Thursday, April 12, 2007
Kurt Vonnegut
Dear Kurt Vonnegut,
You made it pretty close to the outside. 84. My grandfather’s 84 and seems pretty surprised about it. Last thing he said to me when I saw him was “Don’t get old!” and he laughed, maneuvering his stiff legs into the shotgun side of his car. He always used to drive.
But I want to get old, I hope to have a lot to look back on, and it wouldn’t be so bad if the further out I get the smaller everything else back here will seem. On the up, things to savor would accumulate. I’m an optimist.
I always hoped to meet you. You’d welcome me to Earth, you’d warn me about the weather and describe the shape of things. You’d say to be kind. My question would have been, does it get easier, this kindness, when things are farther gone. Do things get any smaller? Do they matter less, or do you just get tired or give in to pessimism? When I was a baby I believed that you couldn’t die unless you suddenly Knew everything, and were Ready, but that you could know everything in the moment it took to slip on cement stairs in your socks and feel the paralysis of wind knocked out. Either you got to Know at last, or you Gave Up. Living close to the outside seems like a better and more thorough way to start knowing anything.

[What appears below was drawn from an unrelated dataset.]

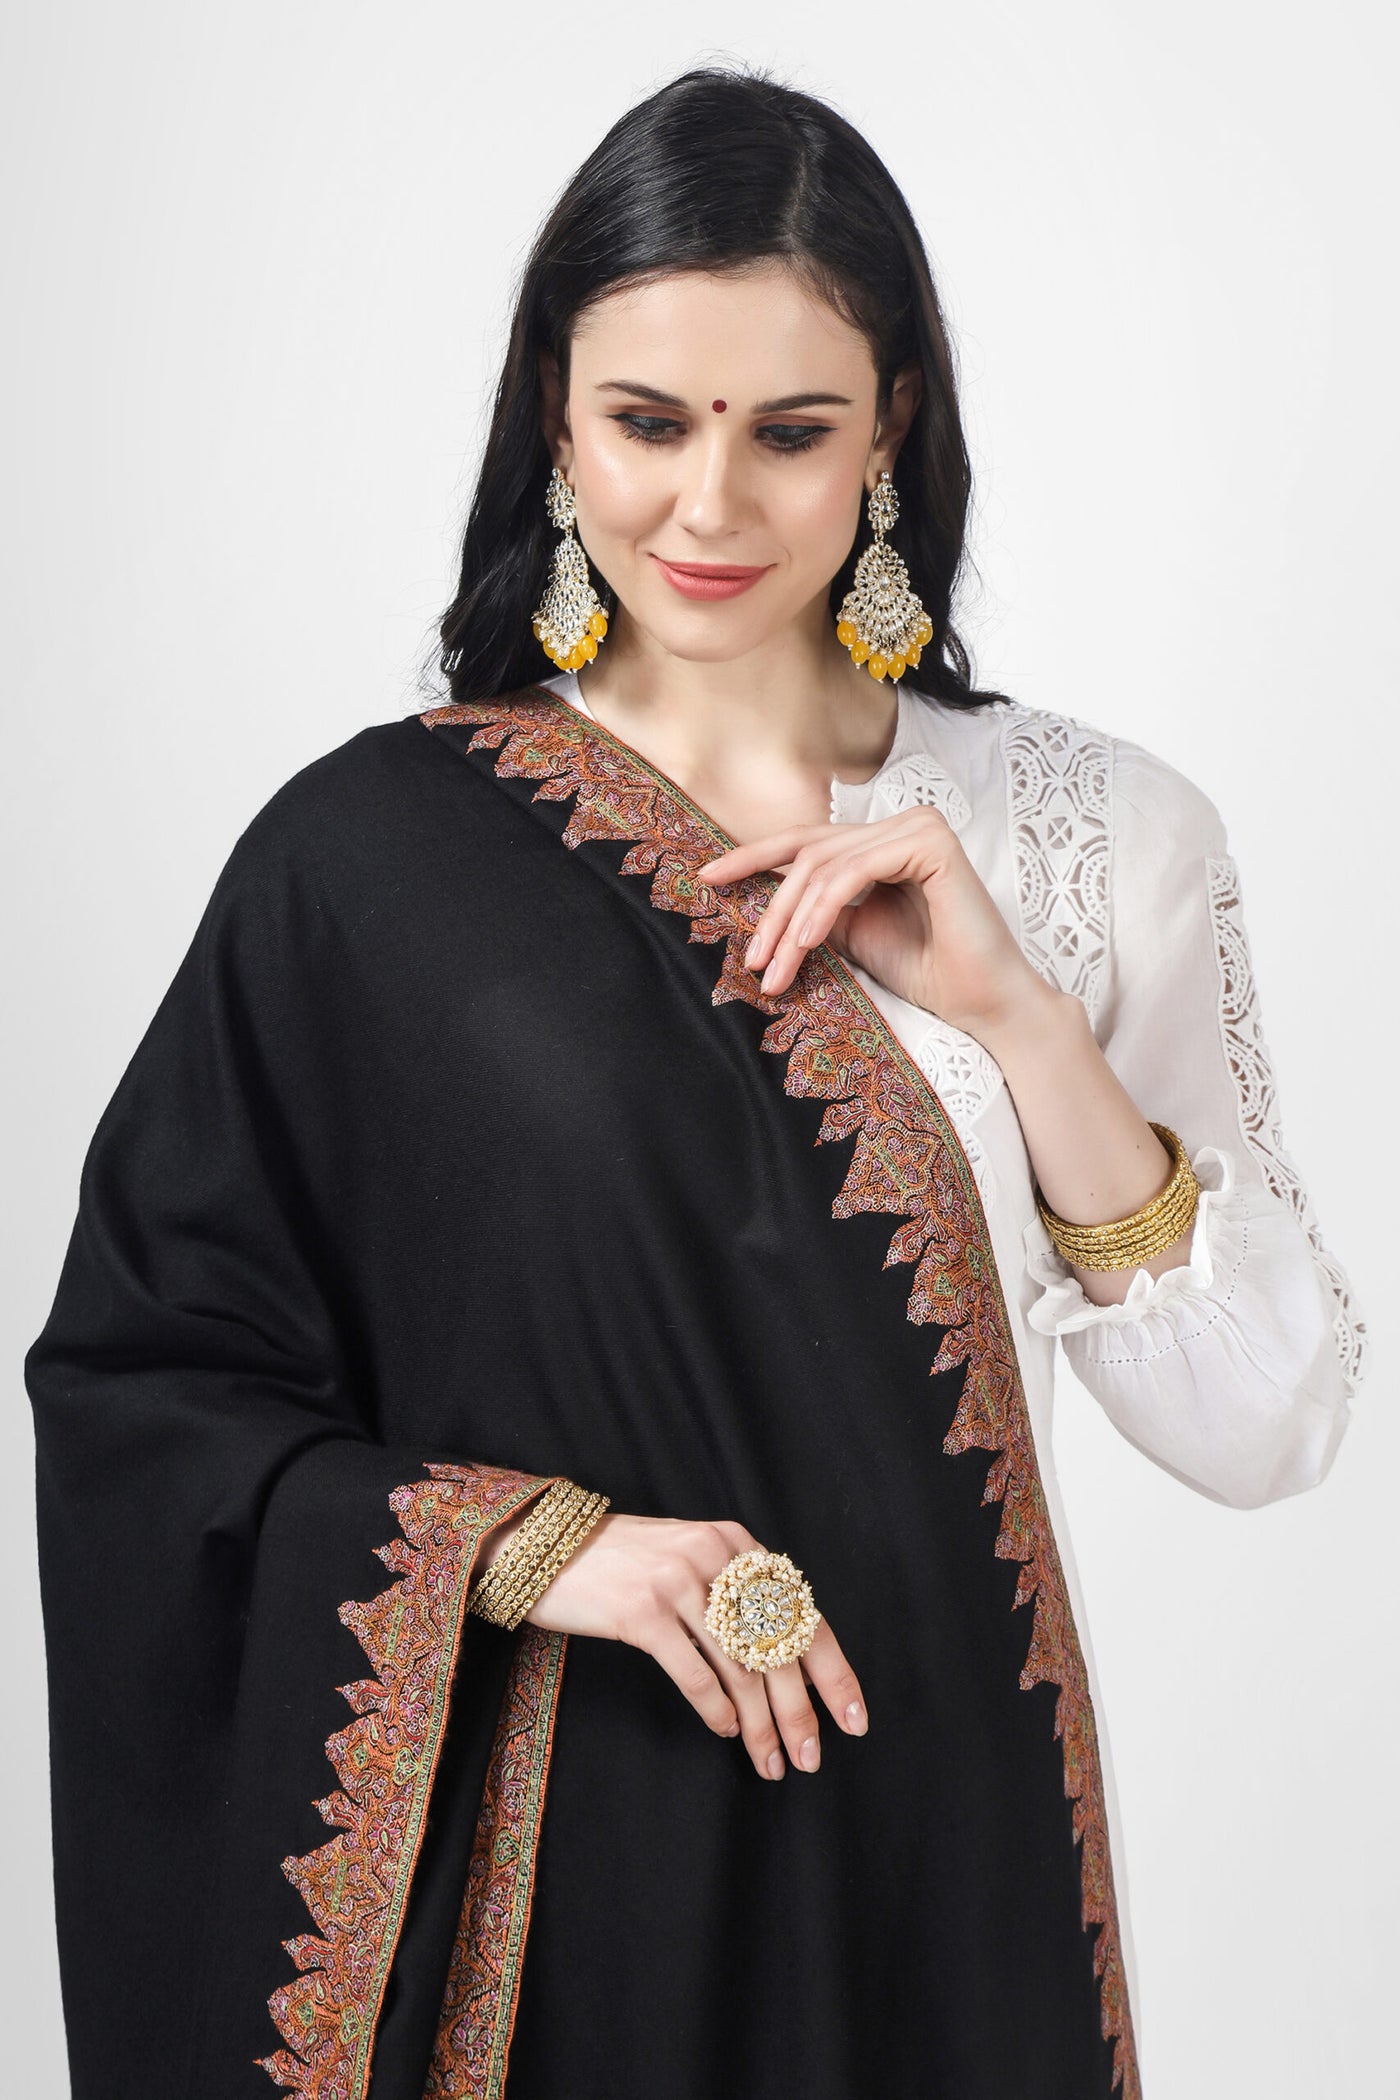 PASHMINA DELHI -Black  Ali design Pashmina Border sozni shawl

I don’t know anything mostly. Thinking about you makes me feel young. Does that sound stupid? I’m glad you kept writing. I need to reread everything to try to see how you feel.
Felt.
I’m one of those. You would have seen me coming a mile away, of course. I’m embarrassed but not shy. If I saw you around town, I might have just left you alone, out of respect.
But you’re right. It’s crowded and round and cold in the winter. I’d have had a lot to ask you, but figured you might have answered like I was new here, needing to learn the rules. That would have been kind of you. It’s silly verging on greedy to want more. My questions don’t really need to be asked. Asking isn’t exorcism. I’m glad you wrote so much down.